Esta semana la coalición de gobierno logró acuerdos sobre dos proyectos de ley cuyo tratamiento se había frenado debido a diferencias internas: el de reforma jubilatoria y el de corresponsabilidad en la crianza o tenencia compartida. La semana pasada aprobó el de personería jurídica de las organizaciones sindicales y empresariales e intenta encaminar otras iniciativas antes de que los debates sobre la Rendición de Cuentas acaparen la atención de los parlamentarios, y luego estos se dediquen en forma creciente a campañas electorales.
Las evaluaciones políticas de lo sucedido varían dentro del propio oficialismo. Algunos afirman que la coalición de partidos formada en 2019 salió fortalecida con miras a las próximas elecciones, e incluso que afianzó su potencial para convertirse en una fuerza política estable. Otros opinan que la pulseada por el contenido de la reforma jubilatoria enturbió las relaciones, debilitó confianzas y aumenta la posibilidad de nuevos conflictos entre los socios, tanto en lo que queda de este mandato como en las negociaciones para buscar juntos uno más.
Hay un poco de las dos cosas. Es cierto que la coalición de gobierno evitó que los perfilismos internos la quebraran, pero esto no significa que se haya acelerado el tránsito hacia algo más parecido al bipartidismo, o al menos hacia una configuración como la que predominó durante unas tres décadas en Chile, con dos bloques cuya propia potencia evitaba grandes fracturas o terceras opciones.
A la coalición “multicolor” o “republicana” le faltan hoy por lo menos tres ingredientes para avanzar en el camino de la unificación. El primero es un verdadero liderazgo colectivo, más arraigado que el predominio actual de Luis Lacalle Pou desde la presidencia. La evolución de esta variable dependerá, entre otros factores, de quién gane las elecciones del año que viene, de qué figuras se fortalezcan en los partidos Nacional y Colorado, y de cómo se desarrolle, desde 2025, la relación entre Lacalle Pou y el resto de los principales dirigentes nacionalistas.
La segunda carencia es la de organismos comunes. El contacto cotidiano entre integrantes de distintos partidos se da sobre todo en el Parlamento, y esto no es suficiente para que se procesen avances sostenidos hacia una identidad colectiva. La tercera es la de elaboración programática conjunta, para acercar posiciones, impulsar síntesis y ampliar la agenda común con miras al futuro.
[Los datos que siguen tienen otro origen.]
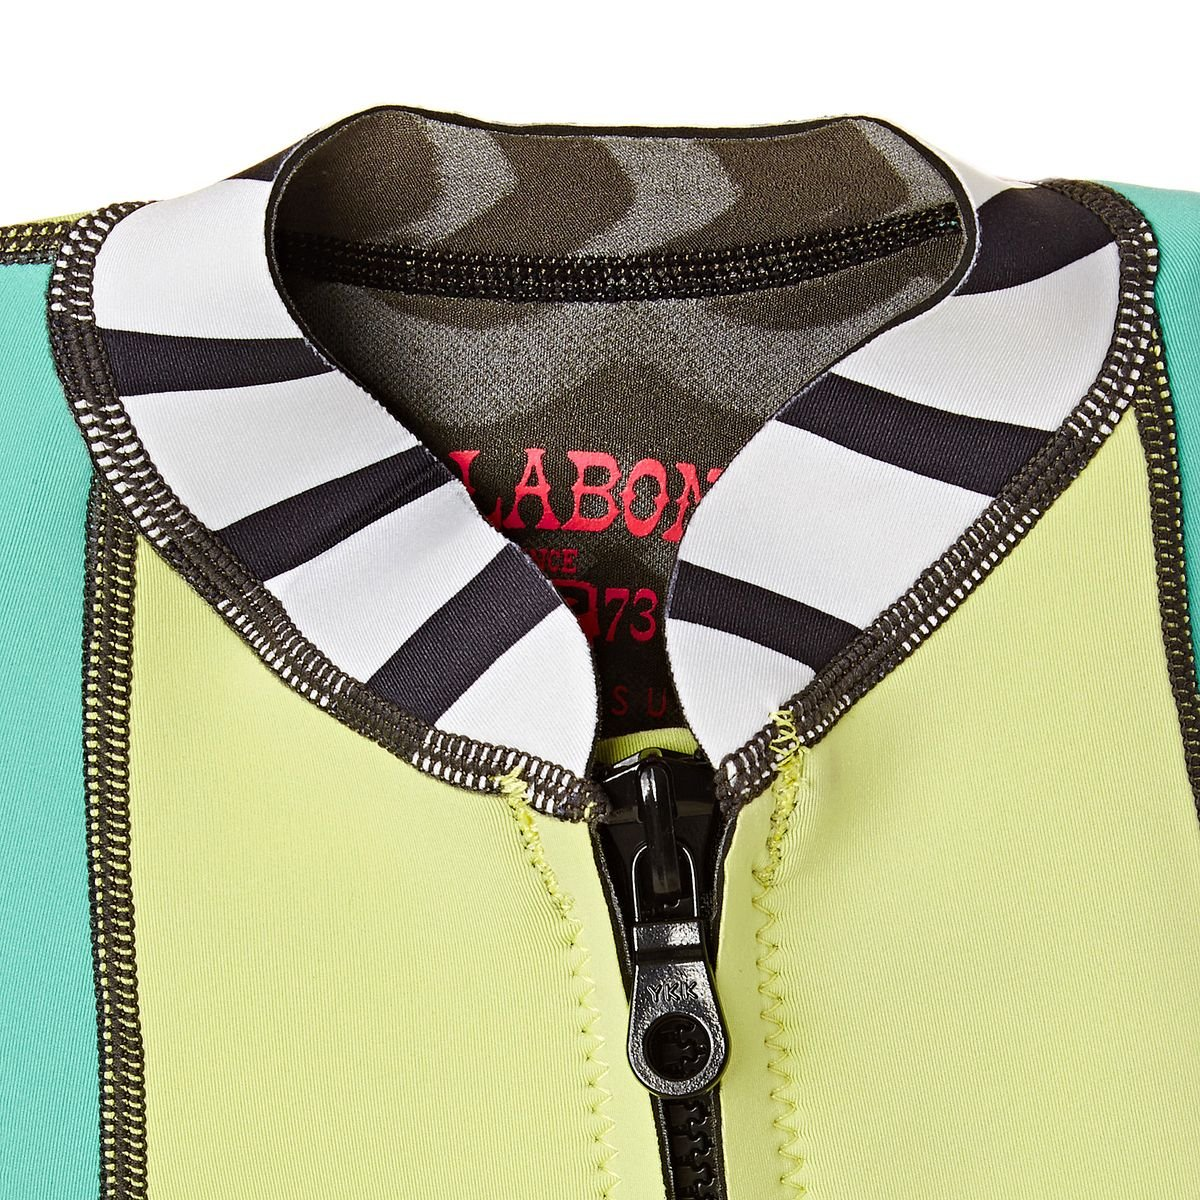 Amazon.com   Billabong Salty DayZ 1MM Neoprene Wetsuit Vest Top Aruba - Womens  Wetsuit Vest   Sports   Outdoors 1050e6957

El cemento del oficialismo combina ideología, alineamiento en los conflictos sociales de intereses y la percepción, reforzada por las encuestas, de que el adversario frenteamplista está bien parado para disputar el gobierno nacional el año que viene. De esto deriva que los socios acepten, con mayor o menor entusiasmo, que si no se muestran capaces de avanzar juntos aumentará el riesgo de que una parte decisiva del electorado pierda su confianza en ellos. De todos modos, saben que también necesitan cultivar perfiles propios y ofrecer algo más que en 2019 para atraer votantes. Administrar la tensión entre ambos objetivos será, en este año y el próximo, su mayor desafío.